To further verify the generalization capability of the proposed framework, an additional experiment was performed using the Paderborn University open source bearing fault dataset, which contains real bearing fault conditions collected under different operating speeds and loads [
40]. The proposed model, trained on the original dataset, was evaluated on this external dataset without retraining. The results, summarized in
Table 6, demonstrate that the model maintains consistently high performance across datasets, confirming its ability to generalize to unseen bearings and real fault conditions.
6. Conclusions
In this study, an attention-guided hybrid framework for bearing fault diagnosis was proposed, combining dual-pipeline feature extraction and transformer-based classification. The first pipeline converted preprocessed vibration signals into structured two-dimensional matrix images to capture global spatial dependencies using a fine-tuned ResNet-50 network. The second pipeline transformed raw vibration signals into continuous wavelet transform (CWT) scalograms, effectively preserving localized and fine-grained time–frequency details associated with transient fault events. Features extracted from both pipelines were integrated through a lightweight transformer encoder equipped with an attention mechanism and a learnable CLS token, enabling adaptive fusion and contextual understanding between spatial and time–frequency features.
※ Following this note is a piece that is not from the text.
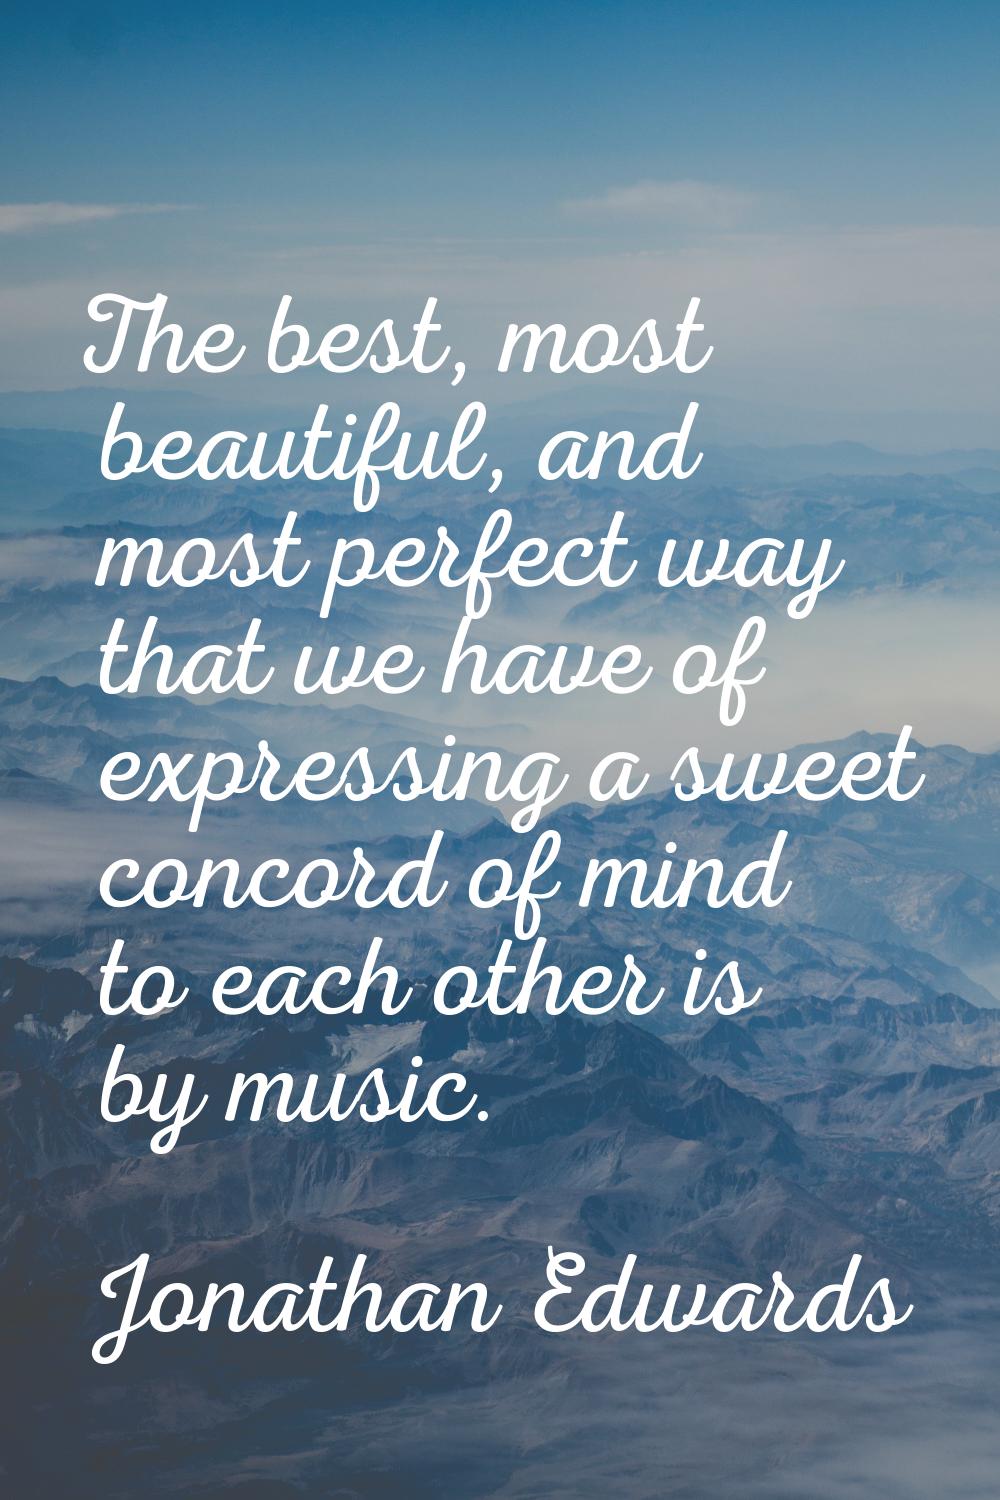 The best, most beautiful, and most perfect way that we have of expressing a sweet concord of mind t

Experimental validation on the laboratory-collected bearing dataset demonstrated the superior performance of the proposed model, achieving 99.87% classification accuracy, outperforming several benchmark models. Furthermore, evaluation on the Paderborn University open source bearing dataset confirmed the model’s strong generalization ability (98.43% accuracy) across different machines, operating speeds, and load conditions, establishing its robustness and adaptability. The proposed framework not only improves fault classification accuracy but also enhances interpretability through its attention-driven fusion, allowing insights into which features contribute most to decision-making.
These results collectively demonstrate that integrating multi-domain representations via an attention-based fusion strategy significantly improves diagnostic precision and reliability in vibration-based fault diagnosis. The proposed approach offers a promising direction toward developing generalizable, data-efficient, and interpretable deep learning systems for rotating machinery. Future work will focus on extending this framework to multi-sensor fusion, cross-machine transfer learning, and real-time industrial monitoring, as well as exploring lightweight deployment on embedded systems for intelligent predictive maintenance.